Any help or explanations would be wonderful!

- math -
**Reiny**, Monday, January 10, 2011 at 10:56pmthe hyperbola x^2 - y^2 = 140

can be factored to

(x+y)(x-y) = 140

140 = 2x5x2x7

or in pairs:

14x10 or 28x5 or 2x70, or 35x4

so we are looking for any two numbers x and y

so that their sum x their difference is 140, using only the numbers above

e.g x+y=28

x-y = 5

add them: 2x = 33 ---> x not an integer

how about:

x+y=70

x-y=2

add them: 2x = 72

x = 36, then y = 34

then (36+34)(36-34) = 140

(36,34), (36,-34), (-36,34) , (-36,-34)

a very limited number of cases.

how about (12+2)(12-2) ?

so (12,2), (-12,2), (12,-2) and (-12,-2)

- math -
**Reiny**, Monday, January 10, 2011 at 11:00pmI left out

140 = 7x20

but x+y=20

x-y=7 has no integer solution, since 2x would have to be even.

- math -
**daphne**, Monday, January 10, 2011 at 11:05pmThank you very much!

- math -
**MathMate**, Monday, January 10, 2011 at 11:10pmSince

x²-y²

=(x+y)(x-y)

we are looking for two integers (x+y) and (x-y) that have a product of 140, and such that x and y are integers.
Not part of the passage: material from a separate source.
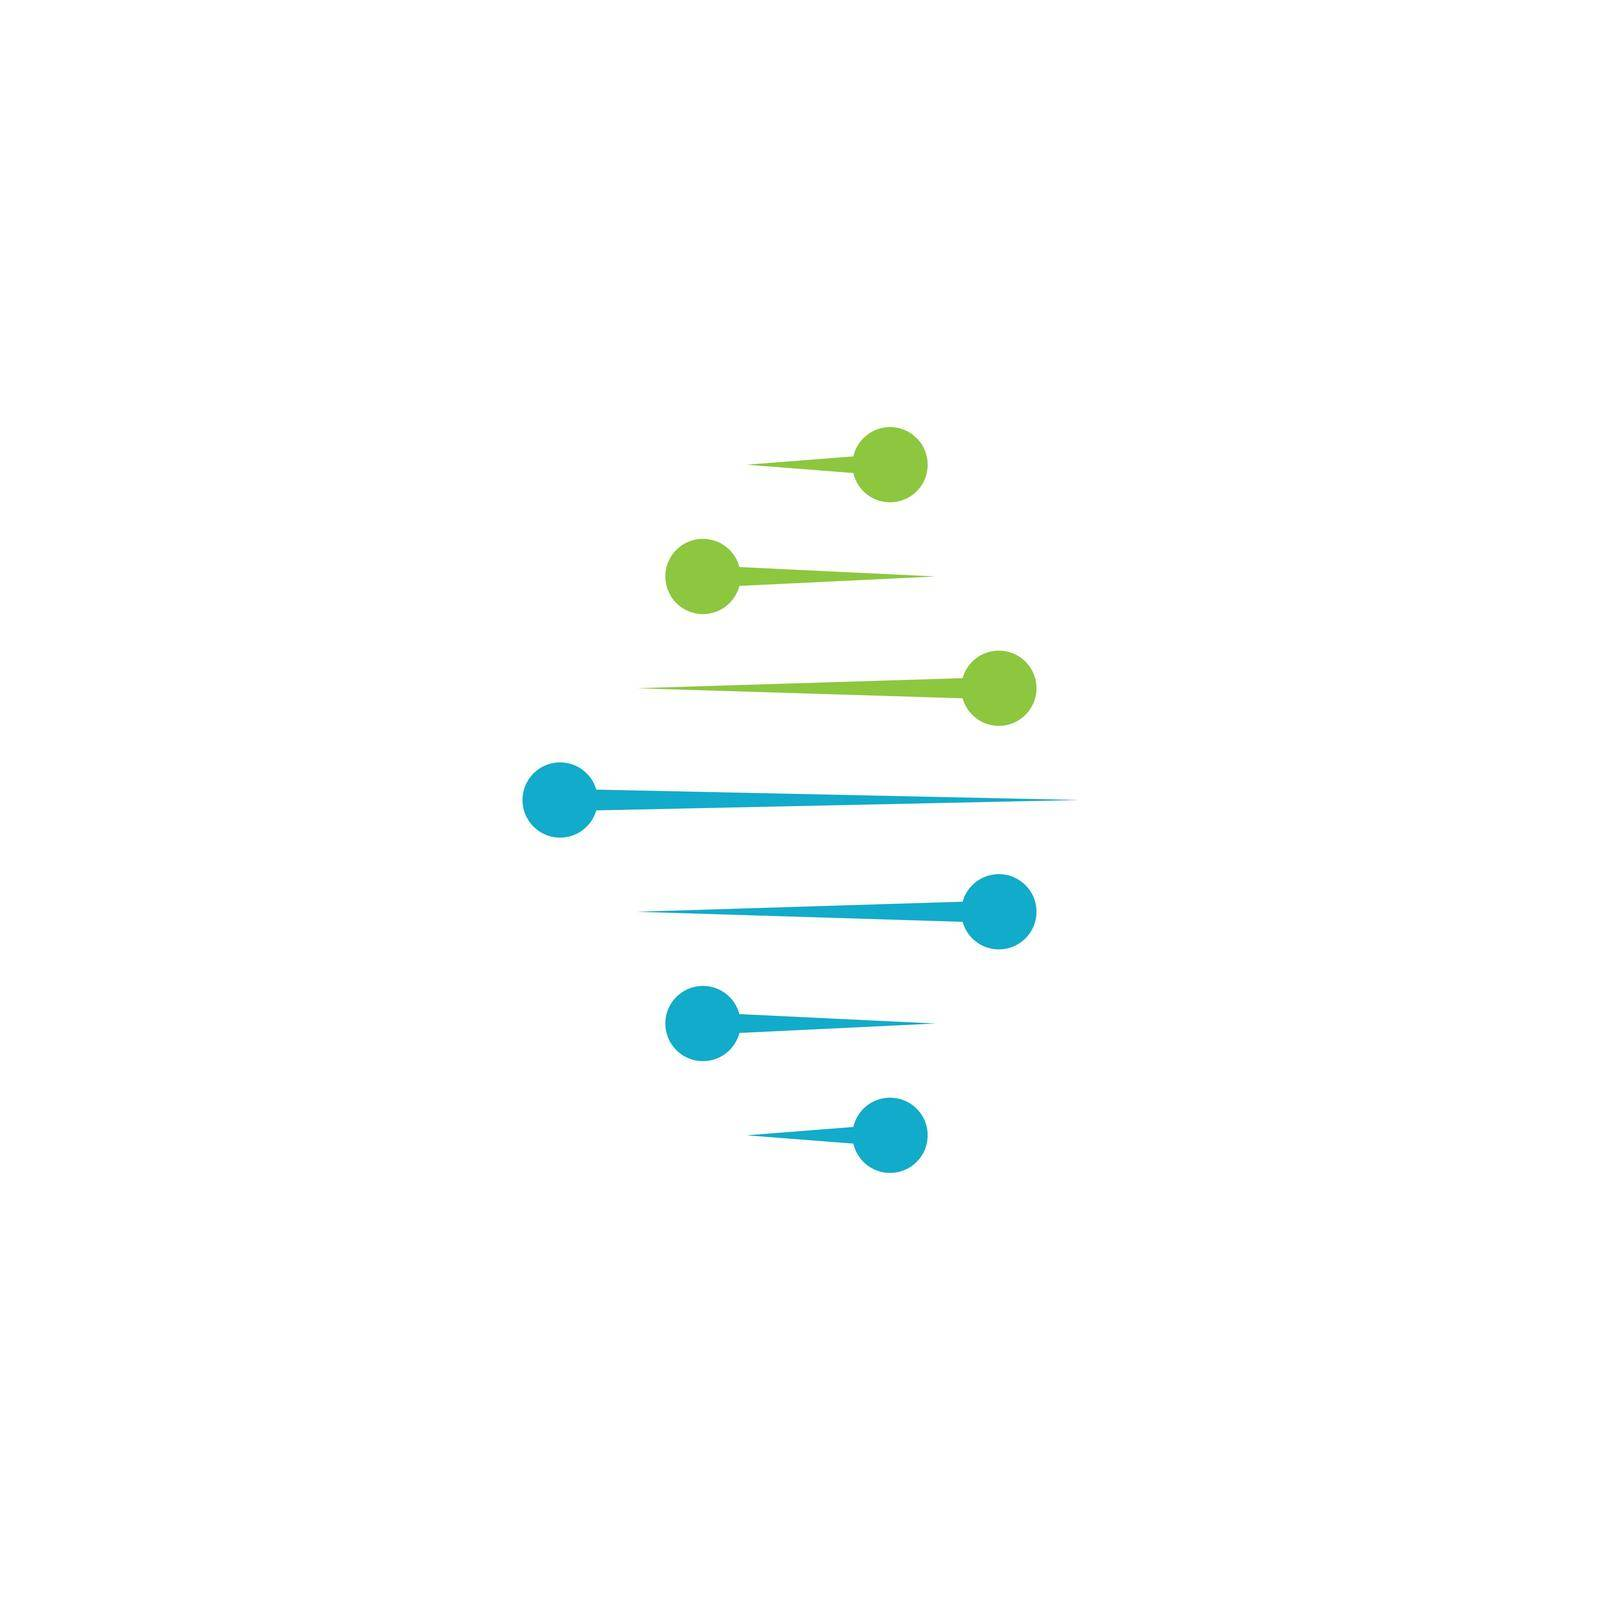 DNA illustration logo vector design

We can start by enumerating the factors of 140:

140*1

70*2

35*4

28*5

20*7

14*10

Since x and y are both integers, and (x+y) and (x-y) must also be integers. This implies that (x+y) and (x-y) must be either both odd or both even (for proof, see end of post).

The only pairs that meet this criterion are 14,10 and 70,2, which when solved give (x,y)=(12,2), or (36,34).

Given x, y ∈ℤ, proof that (x+y) and (x-y) are either both even or both odd.

We have to address two cases:

If (x-y) is even, then

x+y

=(x-y)+2y

=2k+2y

=2(k+y)... so x+y is also even.

If (x-y) is odd, then

x+y

=(x-y)+2y

=(2k+1)+2y

=2(k+y)+1....so x+y is also odd.

QED

- math-correction -
**MathMate**, Monday, January 10, 2011 at 11:14pmThanks Reiny, I left out combinations of cases where one or both of x and y is negative.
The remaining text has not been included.